А невестка-то и поверила и давай кормить деда не пахтой, а мамалыгой, чтоб поскорей помер. А дед от этакой пищи только сил набирался и жил долго-долго.

…Да, в тот вечер Мкртыч, только что вернувшийся с пашни, сидел и слушал, забыв о своей похлебке, древние притчи. Было полнолуние, и рассказы стариков тянулись за полночь…Он снова посмотрел на небо. Сейчас на нем, подернутом молочной пенкой, белесом, не было ни луны, ни единого просвета, и он вслух подумал:

— Эх, молодость, молодость! Вот времечко-то было! Даже злая невестка была легковерна, а нынче?..

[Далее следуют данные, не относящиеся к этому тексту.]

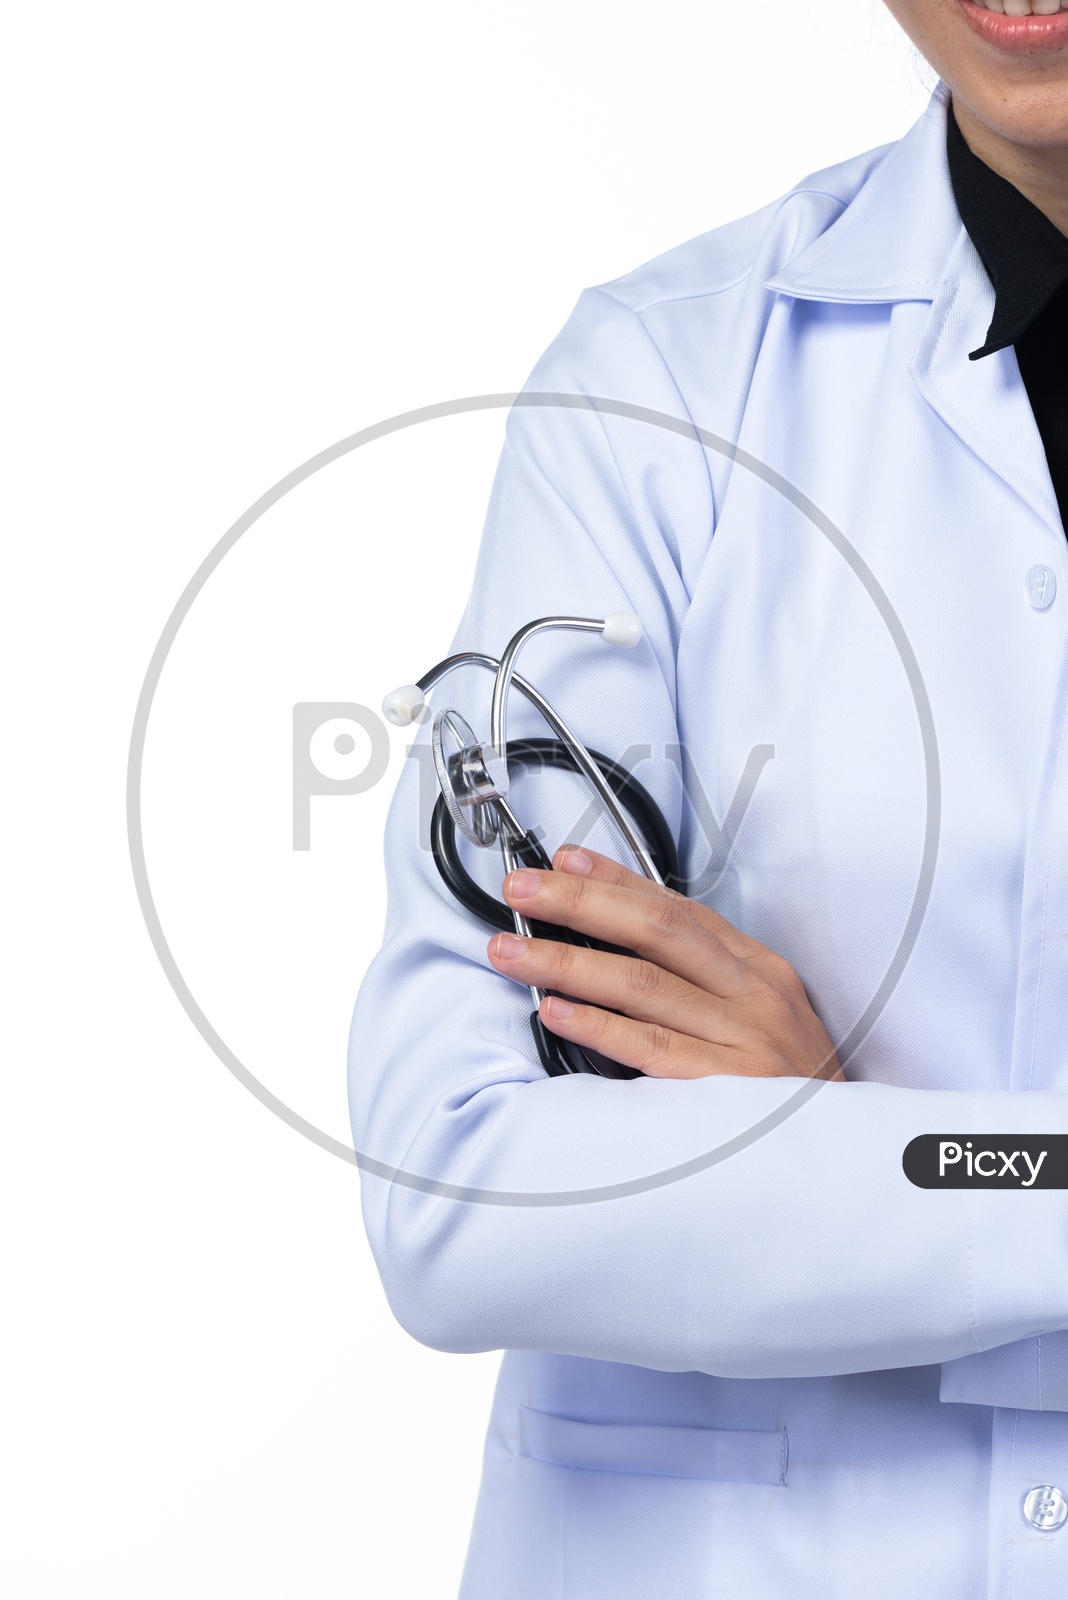 Medicine Student Or Young Doctor Holding Stethoscope in hands Over Isolated White Background
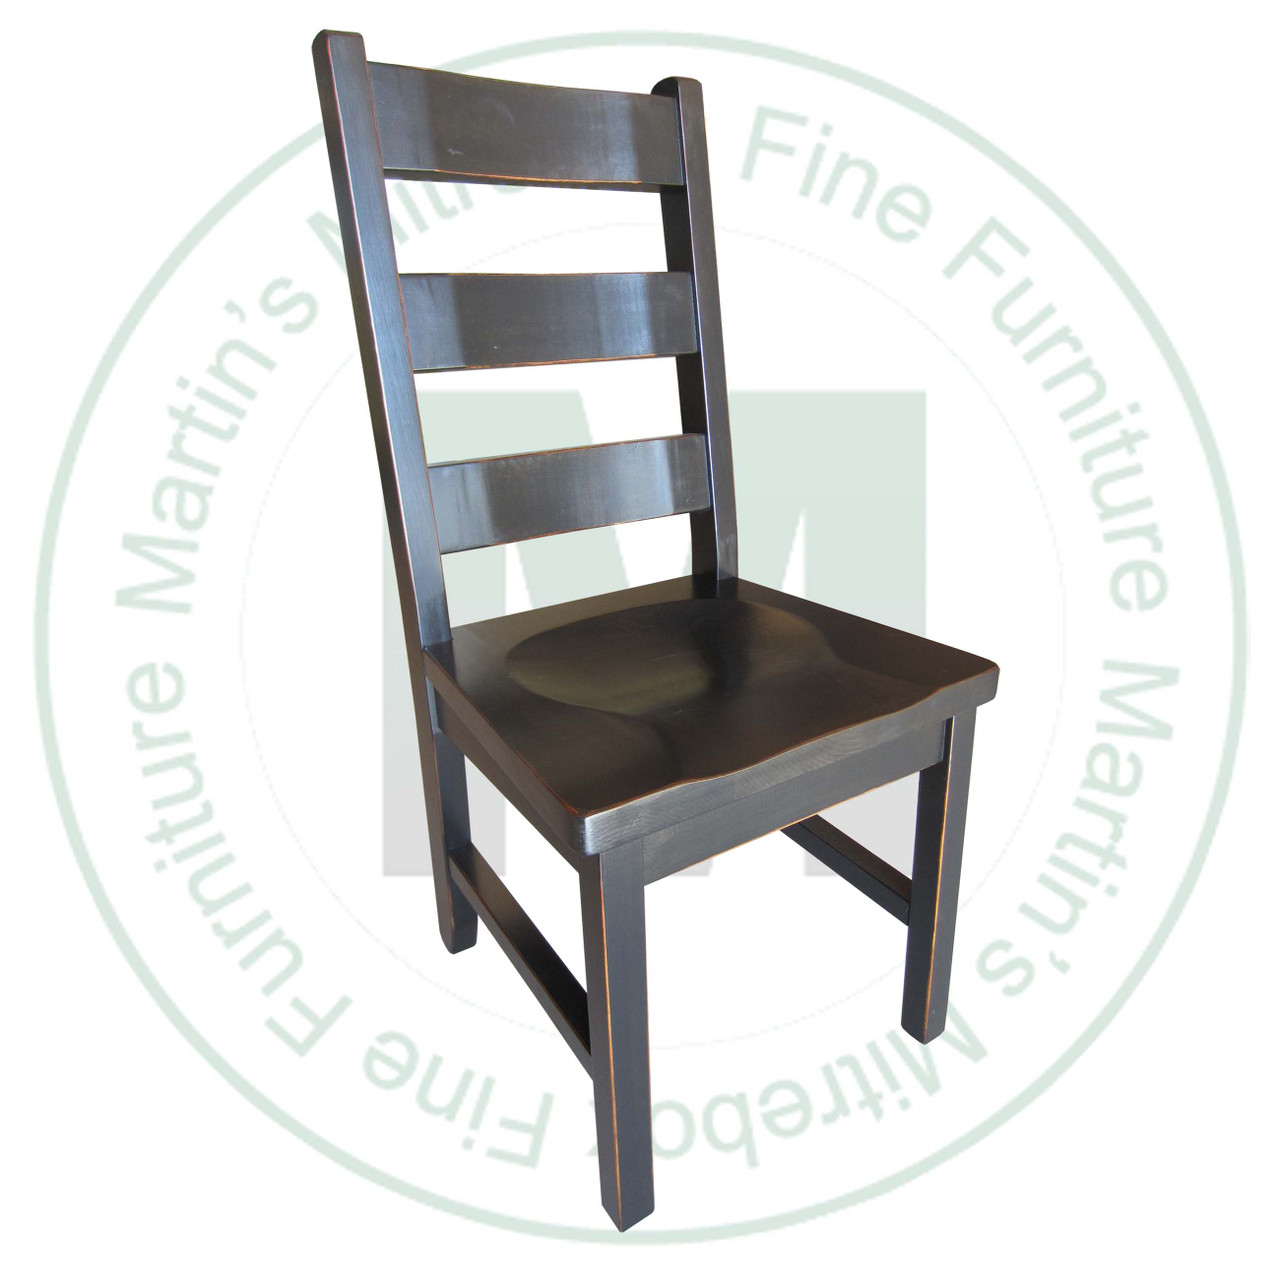 Pine Rustic Ladderback Side Chair With Wood Seat

Да, постарел, одряхлел он за эти два десятка лет, и каждый вечер, когда вместе с овцами, ягнятами да дроздами на их спинах возвращается он в село, ребятишки кричат ему вслед:

— Беглец Мкртыч идет! Старый дурень смешал овец с дроздами!

Эх, горькая судьбина. Да что тут поделаешь? Так было, так и будет. Ранней весной дрозд не сядет на мерзлую землю, чтоб ножки себе не застудить. Он усядется на овечью спину, весело запоет, скоротает ночь в хлеву и ранехонько отправится все на той же овечьей спине на выгон. Овечка — кроткая тварь божья, чего ж дрозду ее бояться? Дрозду и человека не след бояться, а если он кого-нибудь испугается, то этому человеку, стало быть, не место в мире сем, где все создано господом — горы, камни, деревья, травы…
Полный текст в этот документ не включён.